My mother-in-law passed away earlier this year. It was sudden and unexpected. She was only 68 years old and she was in very good health. She died at her A&E in Birmingham. It is another thing to hear policymakerstalking about excessive fatalities in accidents and emergency departments. your one.

She and my husband took turns cooking dinner for our family and her older Bloomie buddy every Wednesday. Since she died, my house has become a permanent venue for these dinners.My husband cooks for three pensioners, the children, and himself every week. The chat has such an intergenerational richness that Channel 4 creates a miniseries. Meals are also provided during breaks. A real conversation among pensioners this week was about how people like them must come together and band together to get penguin-like warmth as winter approaches. Literally...they put a playful twist on it. Today's pensioner is, after all, a teenager in the 1960s and his 70s. They had suggested throwing a party for pensioners. They talked about good old times and laughed at pictures of long hair and double denim... But no matter how they dressed this up, the reality is how people like them deal

This week's story of Kelly Thompson is part of the same terrifying story. The mother of two children was hospitalized for malnutrition. This is because he skipped all but one meal a day to feed his children on the £40 a week he had left after paying the bills. Higher food inflation and higher energy prices mean a tightening of belts and a reduction in luxury goods. For others, it means reducing the basics of life, such as being able to sit at home without risking disease, or eating so little that they risk starvation.

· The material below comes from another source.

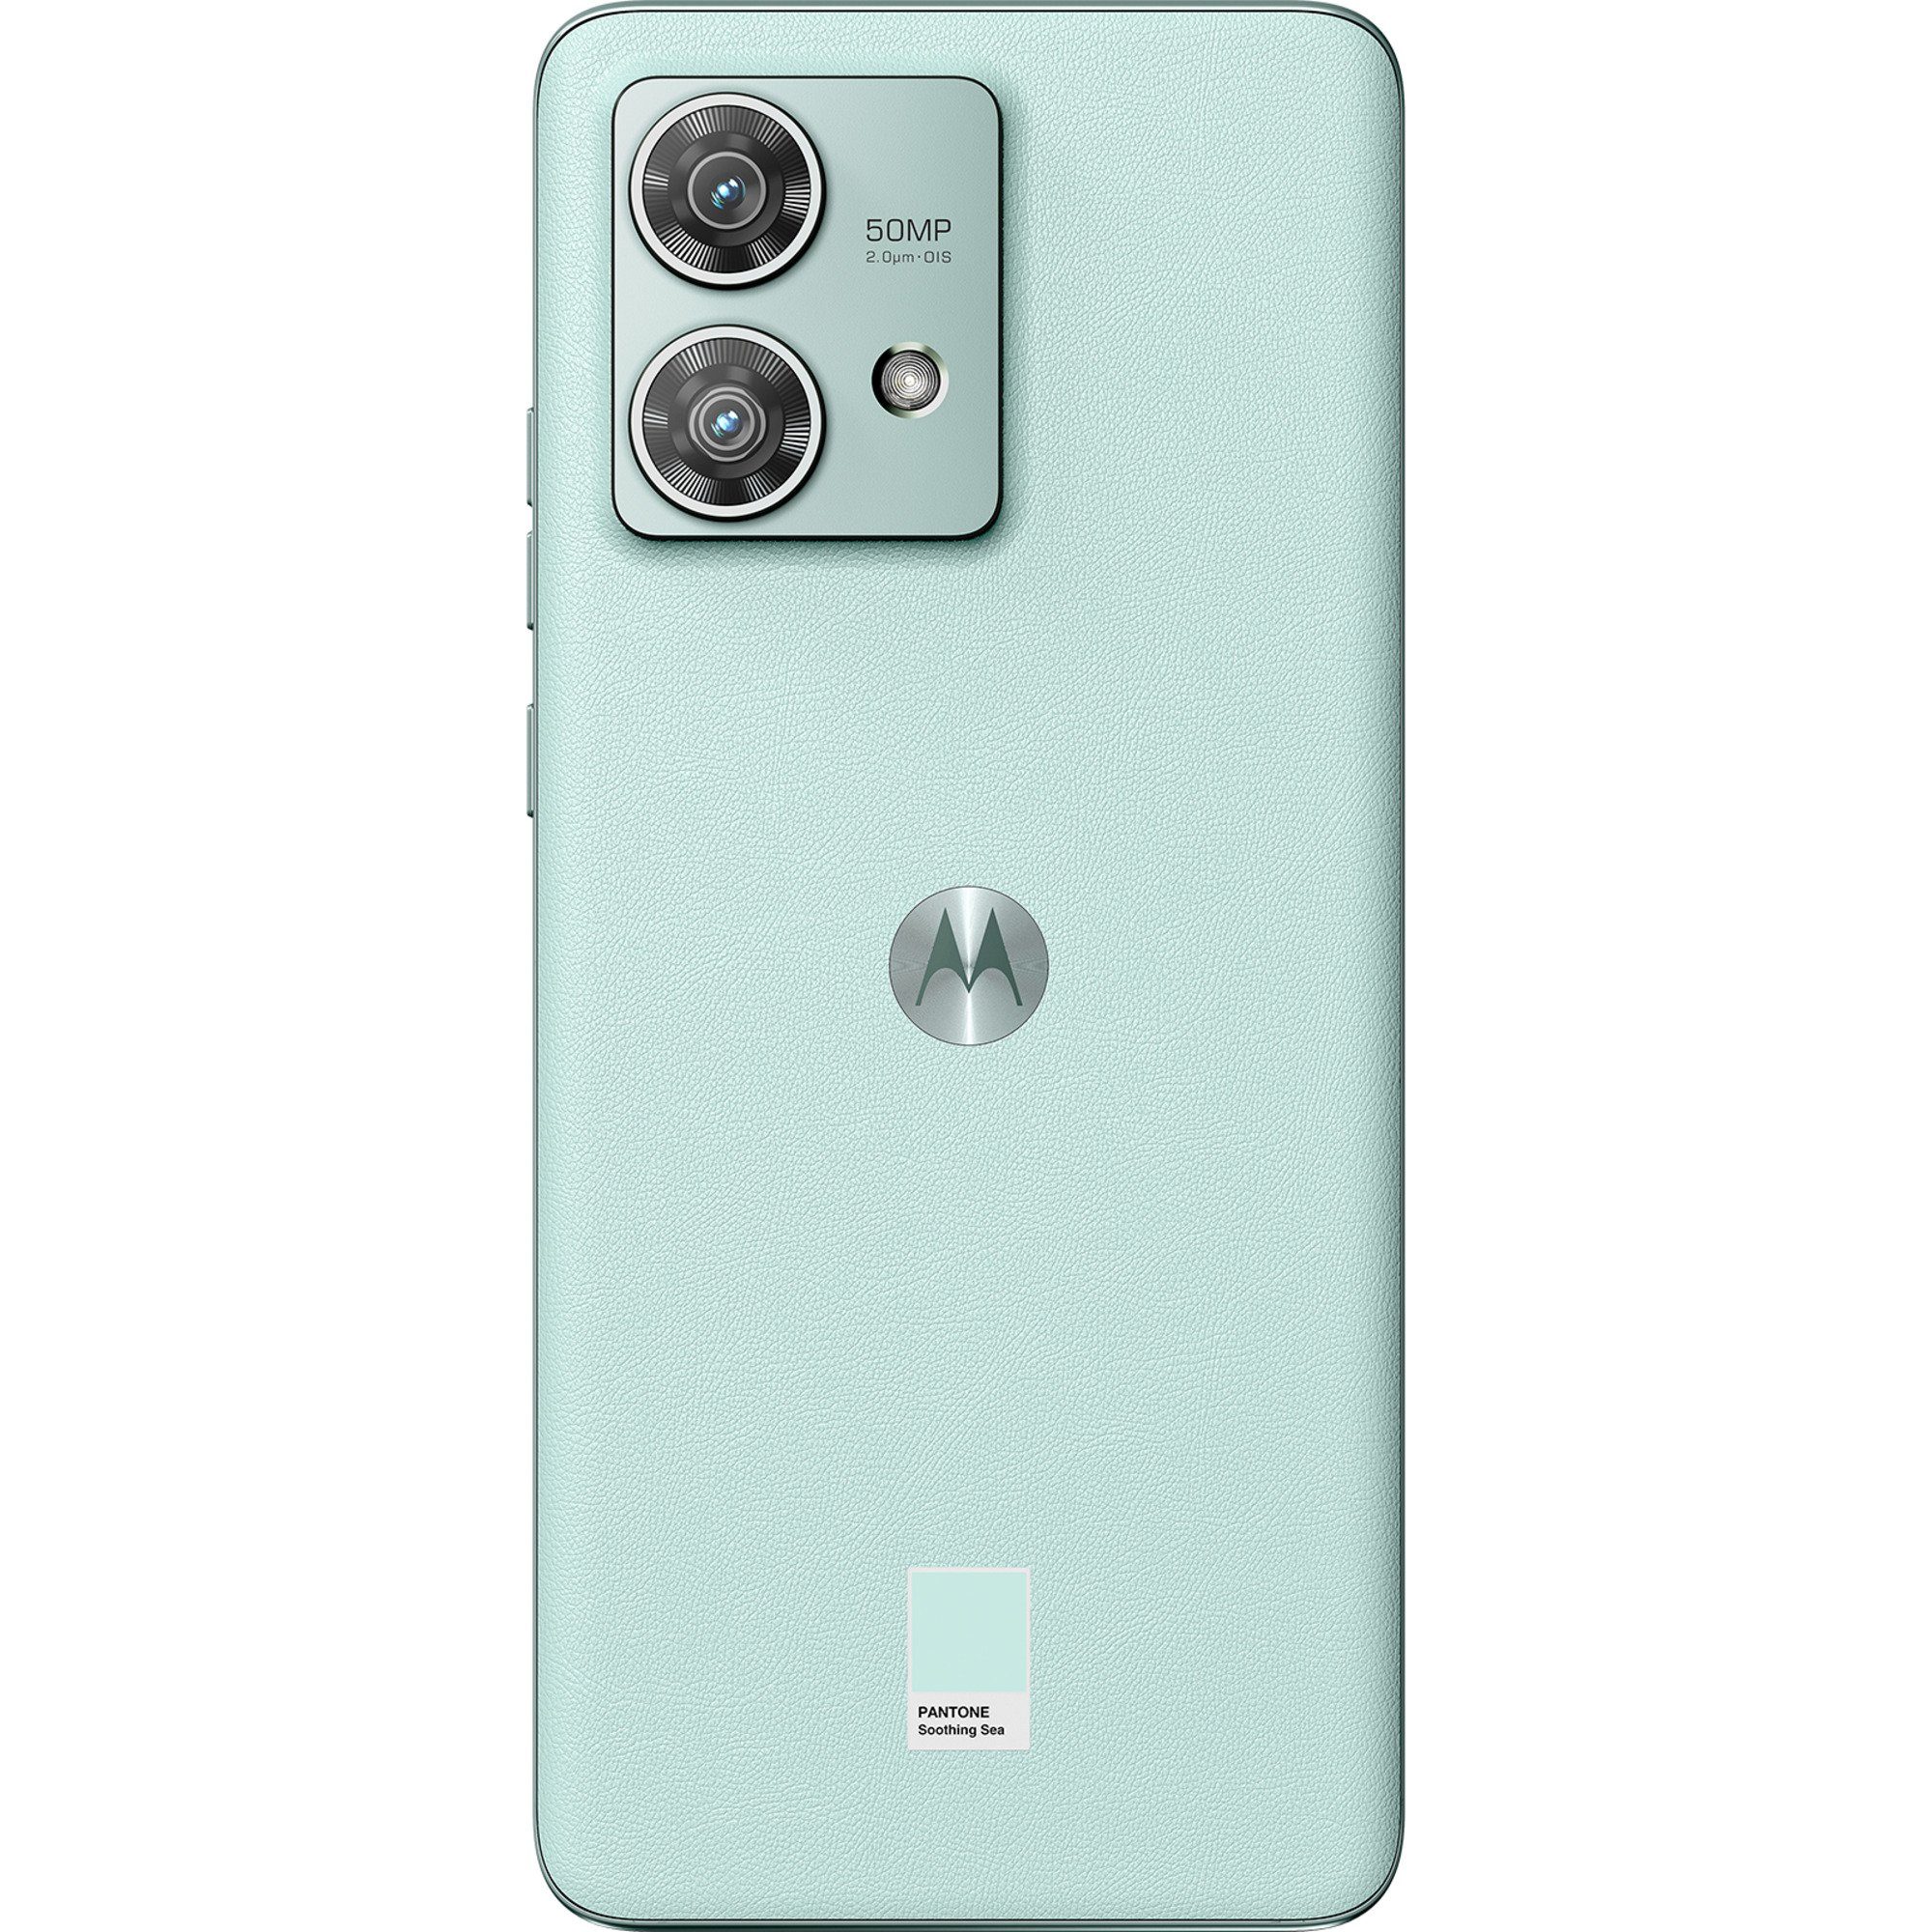 Smartphone 256GB, (Caneel MP Neo Bay, 40 edge Motorola Motorola (50 Kamera) Handy, MP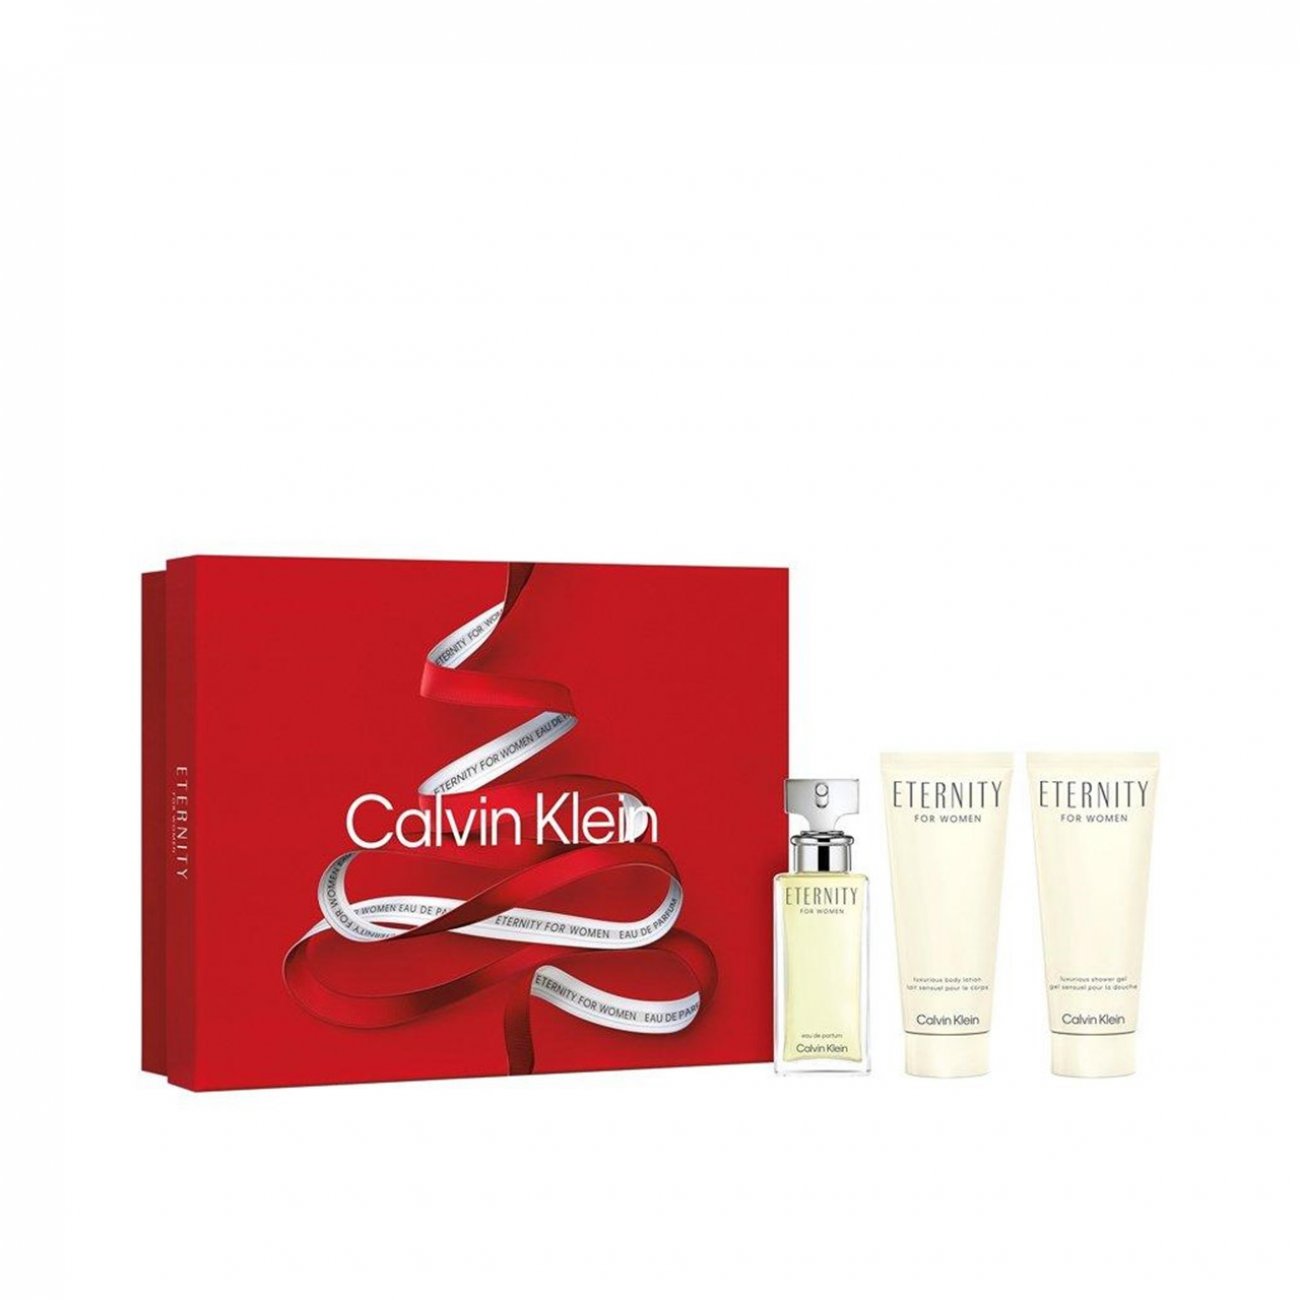 Trappenhuis knelpunt tobben Buy GIFT SET:Calvin Klein Eternity For Women Eau de Parfum 50ml Holiday  Coffret (1.7fl oz) · USA

My mother-in-law was from my constituency. She came from a large family living in a small public housing unit. When she knocked on the door with her on the street of her childhood home during the 2015 election, an elderly woman told us both of what used to be "around here." I complained that it was better. She talked about the rosy golden age when the door could be left open and the children would play. I worked a breakfast making shift at a local hotel before school and was picked up after school and put in a wagon.Drove a few miles so I could sell my potatoes door to door. Nonetheless, she still said she had holes in both her knickers and shoes.If Liz Truss, she was a "lazy" and in London she was a 13-year-old girl. I would have told her I wasn't as productive. If only she had worked harder.

Her mother-in-law had to be a catalog runner and her family was often in debt. She didn't realize that this amazing bygone era was presented to her. , would have read about her mother being malnourished and starving.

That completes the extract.